Living With a Commitment Phobic Cheater
Question: I met a man who told me he would never cheat. Quickly into dating he asked me to move in with him. One month after I moved in with him he got distant, saying he looks at other women and I must not be the one, if he does. What should I do, everyday he gets more and more distant and I miss who he use to be and when he wasn’t so distant.

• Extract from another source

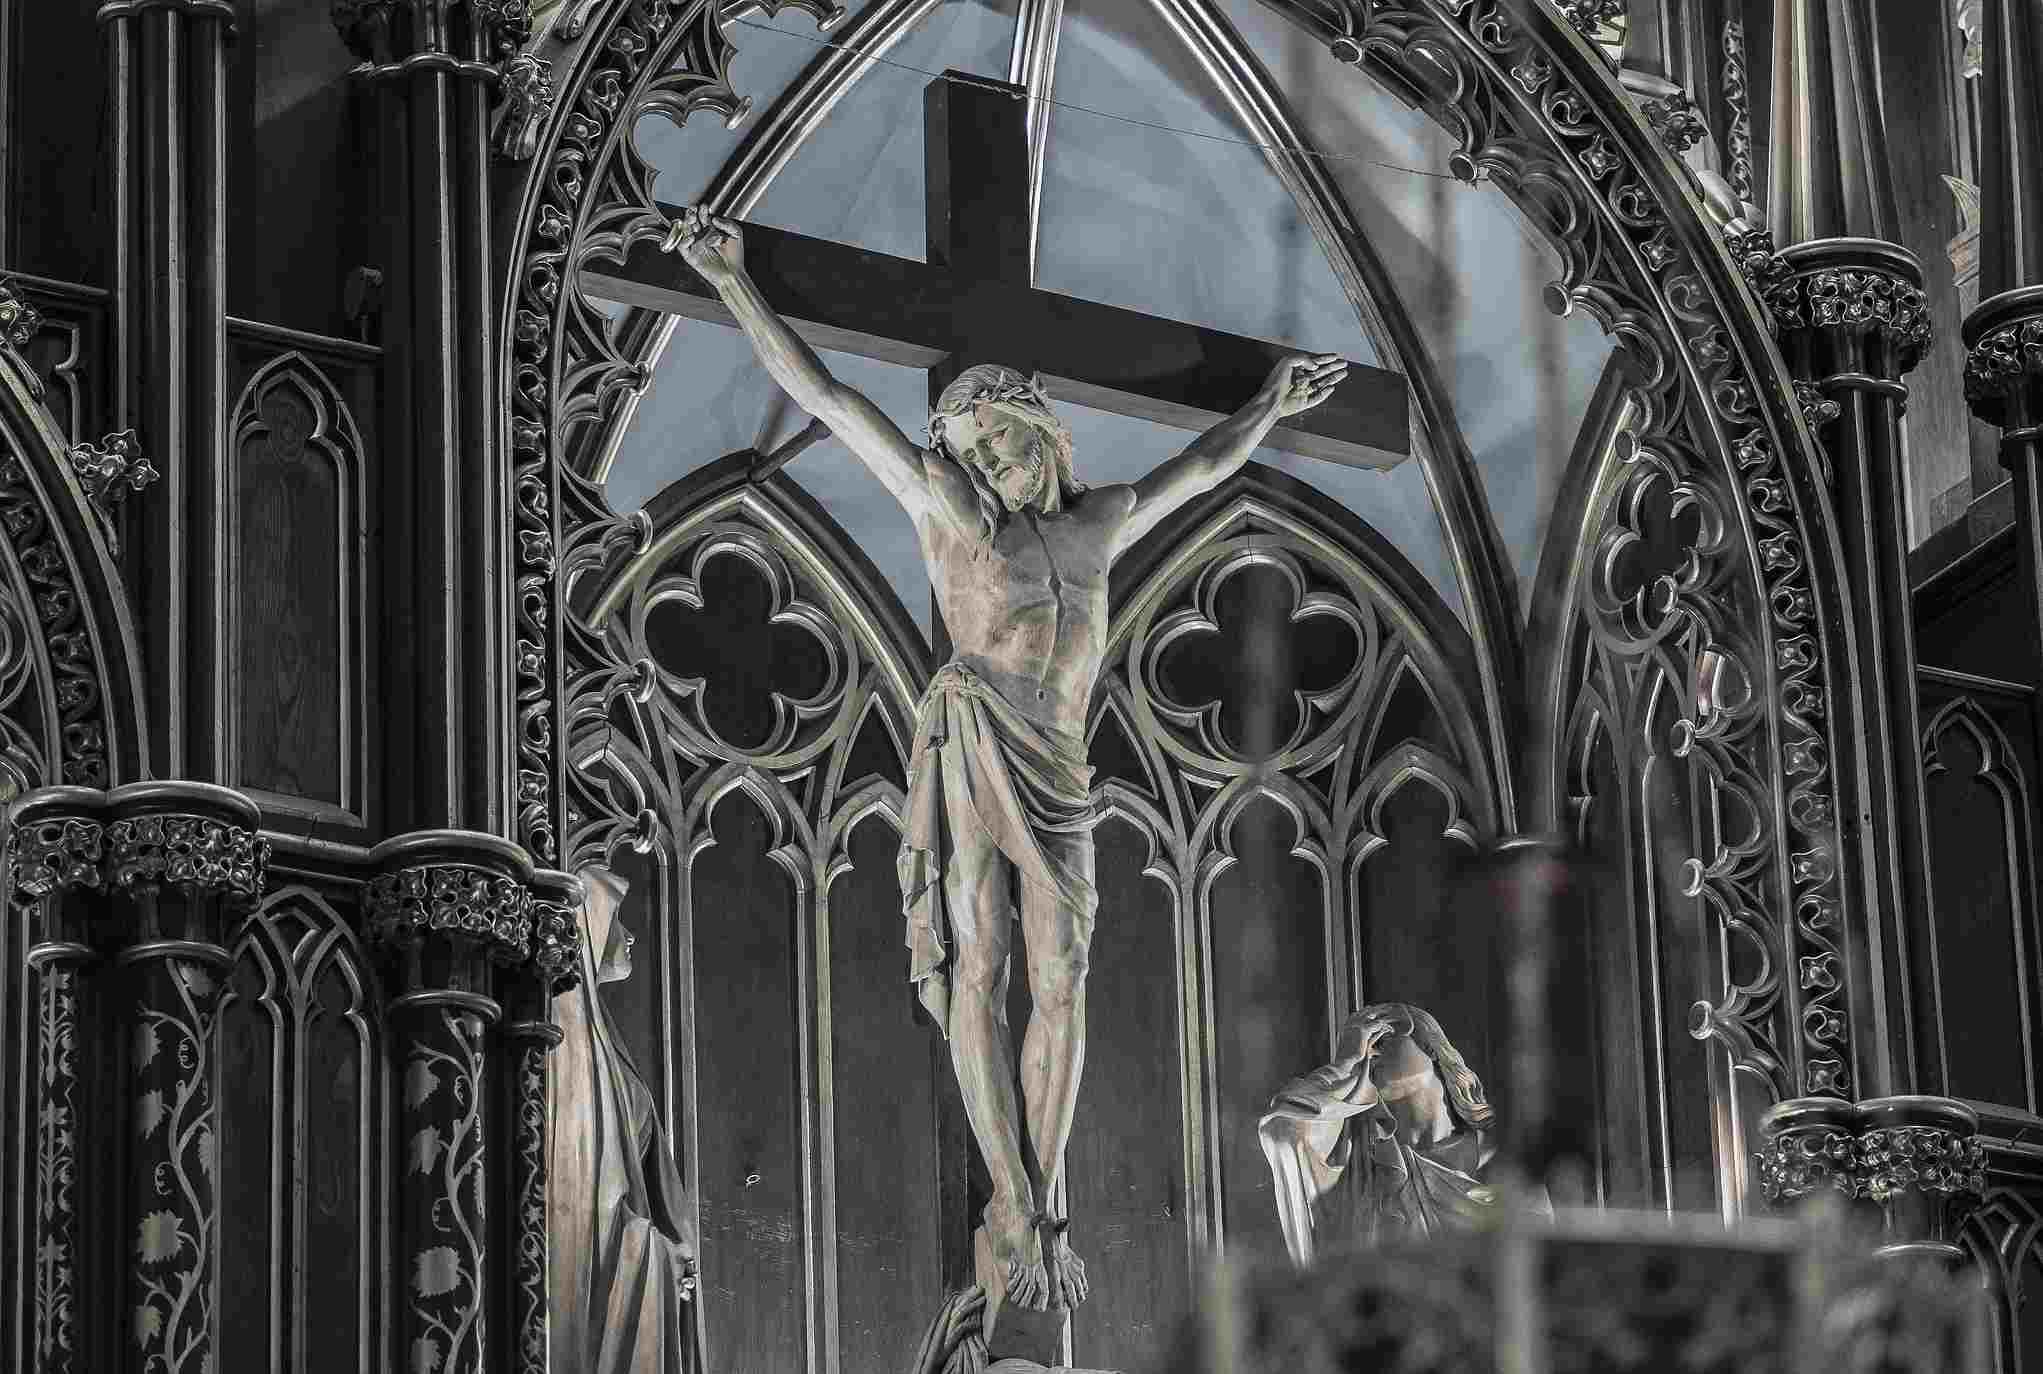 notre-dame-montreal-basilica-chun-yip-so-02.jpg

Answer: It sounds like he has commitment issues. Unfortunately, how he is now is who he really is. He will never go back to how it was in the beginning while you’re still living with him. You living there is giving him anxiety, similar to claustrophobia. He feels trapped. The fact that he asked you to move in so quickly is classic commitment phobic behavior. I know that sounds ridiculous but commitment phobic’s do want a commitment. They’re just unaware of their subconscious fear of it. He’s subconsciously looking to find fault with you so he can get out of the commitment and ease his anxiety. He’s blaming you instead of taking a look at his own issues. The best thing you can do is give him space. Once the pressure of commitment is relieved If he does genuinely love you he’ll want you again. However, the pattern will just repeat itself unless he is willing to admit he has issues. If I were you, I’d move back out and move on with your life. If and when he wants to come back, tell him you need to make some changes. See if he’d be interested in speaking with a professional relationship coach. But if he’s not willing he will just hurt you all over again. Don’t allow it. And in the future, if anyone tries to accelerate the pace of your relationship, take that as a major red flag. Subconsciously he knew it wouldn’t last, so he had nothing to lose. The excitement of something new is the only thing that can overpower his anxiety. You deserve so much better!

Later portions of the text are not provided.